Pytanie powtarzane przez coraz więcej osób to… jak pokonać stres? Otóż eksperci twierdzą, że planowanie pomaga zapanować nad chaosem dnia codziennego. Planowanie pomaga uporządkować nie tylko obowiązki, ale również myśli. Spojrzenie w kalendarz powoduje o wiele mniej stresu i wymaga o wiele mniejszego wysiłku, niż pamiętanie, co jeszcze należy zrobić.
A jeśli życie jest wypełnione nieprzewidywalnymi działaniami? Albo uciążliwą prokrastynacją? Mój osobisty sposób na to, to kartki z uwagami (w praktyce, to w kalendarzu zaznaczam, co udało mi się zrobić, a czego nie). Mając tego rodzaju podpowiedzi, udaje mi się coraz częściej wypełniać dzienny plan.

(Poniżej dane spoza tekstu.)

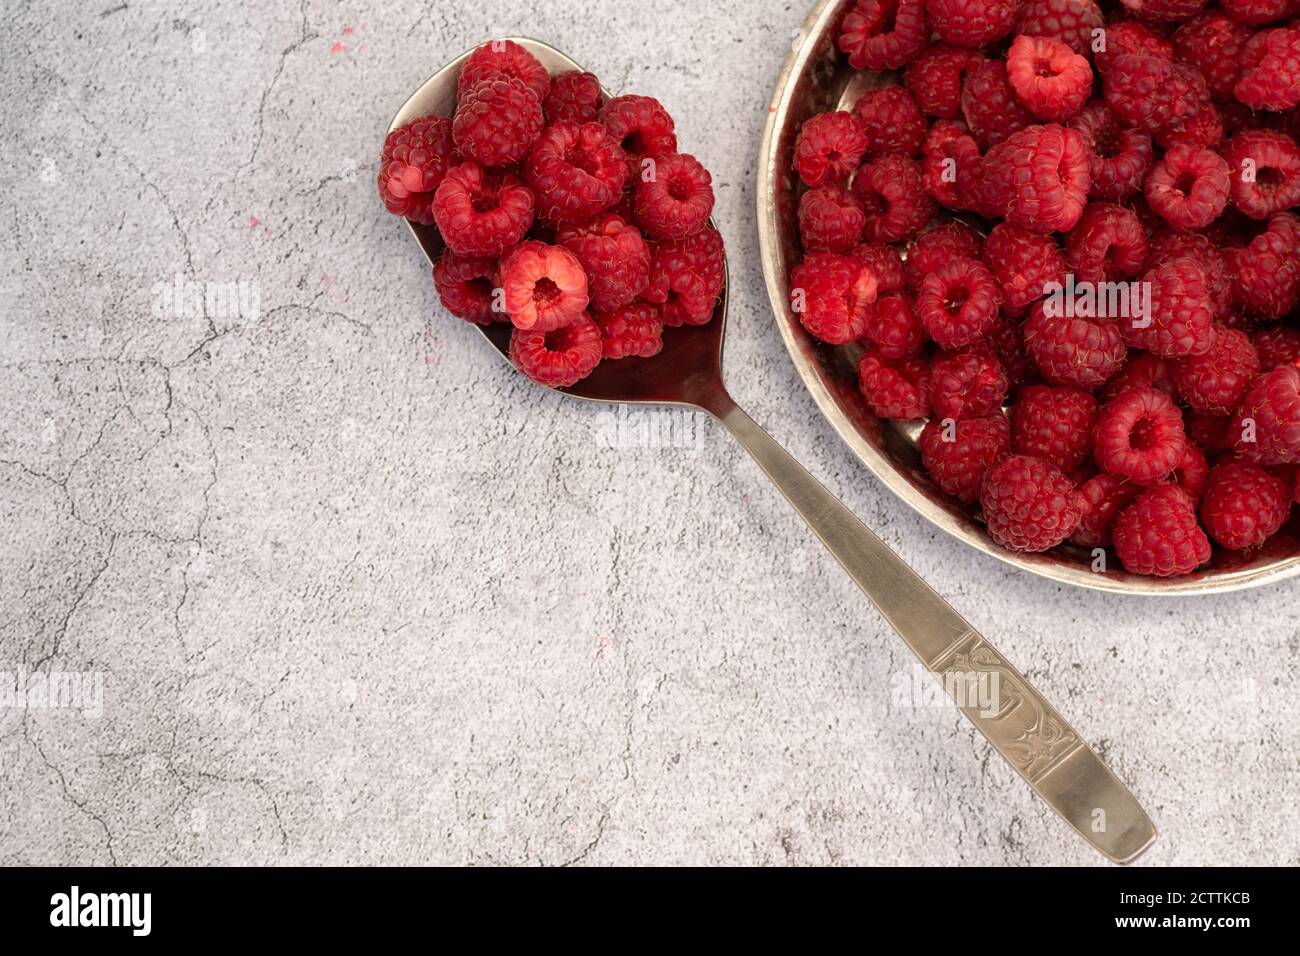 Frisch gepflückte Himbeeren auf grauem Hintergrund, gesunde Ernährung Konzept Stockfoto

Jak możesz jeszcze umilić sobie dzień?
Wyręcz się czymś (a nie kimś). Robot kuchenny, ekspres do kawy, zmywarka, pralka, suszarka do suszenia prania, robot odkurzający, czy nawet robot myjący okna. A teraz wyobraź sobie taką scenkę:
- Co dziś masz w planach? – pyta mąż żony.
- Muszę odkurzyć, umyć okna, umyć naczynia, zrobić pranie, zrobić obiad i… - zaczęła żona wymieniać.
- To ci bardzo współczuję. Jak przyjdę to zajmę się ogrodem. – powiedział mąż, po czym poszedł do pracy. A żonie zajęło aż 30 minut włączenie wszystkich potrzebnych urządzeń i położyła się spać. To jest dopiero komfort. (A mąż po powrocie z pracy włączył robot koszący).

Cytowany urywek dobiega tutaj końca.